Search code examples
solrsolr4dataimporthandler

Solr delta-import erases index


I'm having trouble with Solr delta-import from MySQL database. I am able to do a full import no problem. When I try to do delta-import, it imports the changed records (as expected), but wipes out the rest of the index, so that only the updated records are in the index. There are no errors in the log. Am I missing something in my configuration? Running Solr 5.4 on Ubuntu server and using the admin UI.

<dataConfig>
    <dataSource driver="com.mysql.jdbc.Driver" url="jdbc:mysql://localhost/ibnet" user="xxxx" password="xxxxx" />
    <document>
    <entity name="profile" pk="profile.id" query="
        SELECT 
            profile.id AS id,
            profile.profile_status AS profile_status,
            //
            // Other fields
            //
            linkedProfile.org_name AS linked_org_name,
            linkedProfile.org_city AS linked_org_city,
            linkedProfile.org_st_prov_reg AS linked_org_st_prov_reg,
            linkedProfile.org_country AS linked_org_country
        FROM profile AS profile
        LEFT JOIN profile AS linkedProfile ON linkedProfile.id = profile.linked_id" 
        deltaImportQuery="
            SELECT 
                profile.id AS id,
                profile.profile_status AS profile_status,
                //
                // Other fields
                //
                linkedProfile.org_name AS linked_org_name,
                linkedProfile.org_city AS linked_org_city,
                linkedProfile.org_st_prov_reg AS linked_org_st_prov_reg,
                linkedProfile.org_country AS linked_org_country
            FROM profile AS profile
            LEFT JOIN profile AS linkedProfile ON linkedProfile.id = profile.linked_id
            WHERE profile.id = '${dih.delta.id}'"
        deltaQuery="SELECT profile.id FROM profile WHERE last_modified > '${dih.last_index_time}'"
        onError="skip" >
    </entity>
</document>

EDIT: I've changed dih.delta.id to dataimporter.delta.id and the same for last_index_time, but that hasn't changed the results.

Here is the response:

{
  "responseHeader": {
    "status": 0,
    "QTime": 0
  },
  "initArgs": [
    "defaults",
    [
      "config",
      "data-config.xml"
    ]
  ],
  "command": "status",
  "status": "idle",
  "importResponse": "",
  "statusMessages": {
    "Total Requests made to DataSource": "4",
    "Total Rows Fetched": "6",
    "Total Documents Processed": "3",
    "Total Documents Skipped": "0",
    "Delta Dump started": "2016-05-01 02:38:03",
    "Identifying Delta": "2016-05-01 02:38:03",
    "Deltas Obtained": "2016-05-01 02:38:03",
    "Building documents": "2016-05-01 02:38:03",
    "Total Changed Documents": "3",
    "": "Indexing completed.

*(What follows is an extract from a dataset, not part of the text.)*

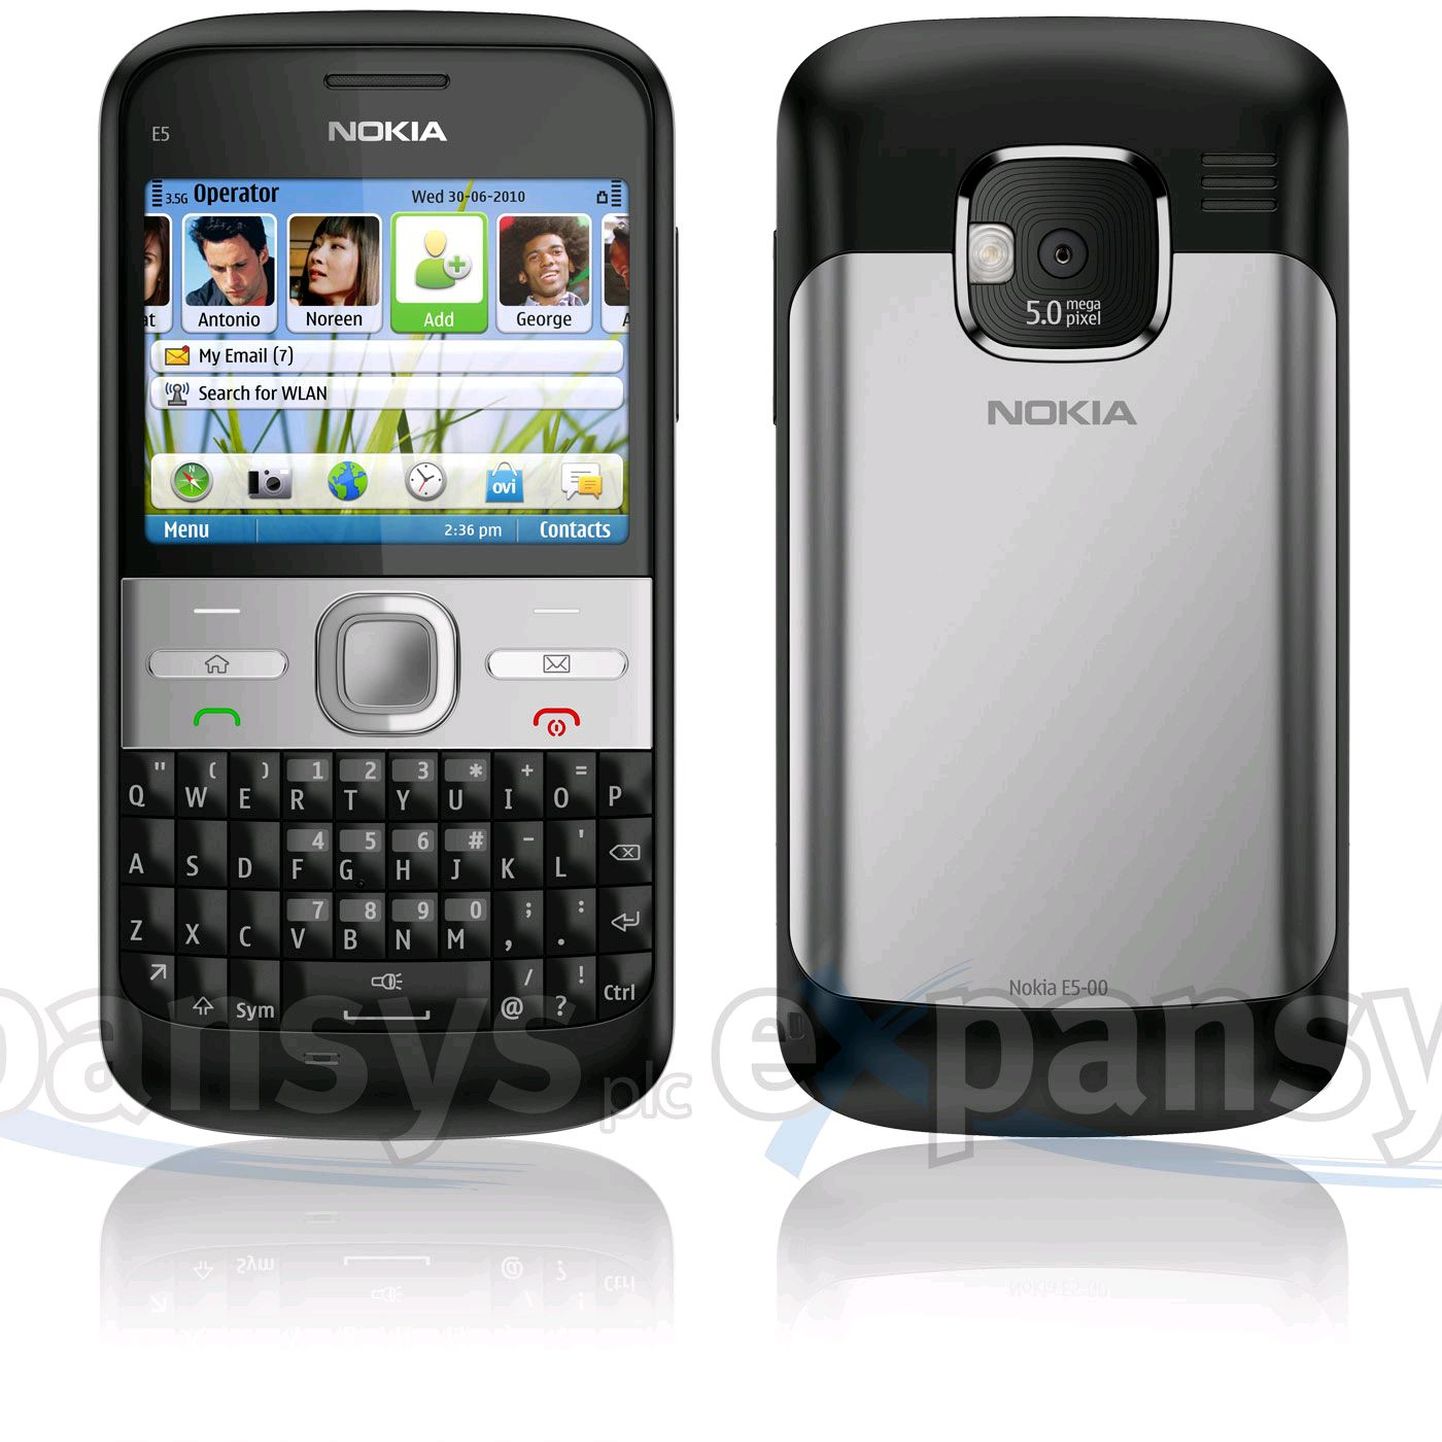 Nokia E5, Symbian operatsioonisüsteem

Added/Updated: 3 documents. Deleted 0 documents.",
    "Committed": "2016-05-01 02:38:03",
    "Time taken": "0:0:0.317"
  }
}

Solution

  • In solr admin -> your core -> dataimport, there is a Clean option, if checked then it will clean data first before import (for both full-import and delta-import).

    Another tip is that, solr DIH always use UTC as the import timestamp, so what is your timezone? Convert your datetime columns in database to utc first before compare it to the dih.last_index_time.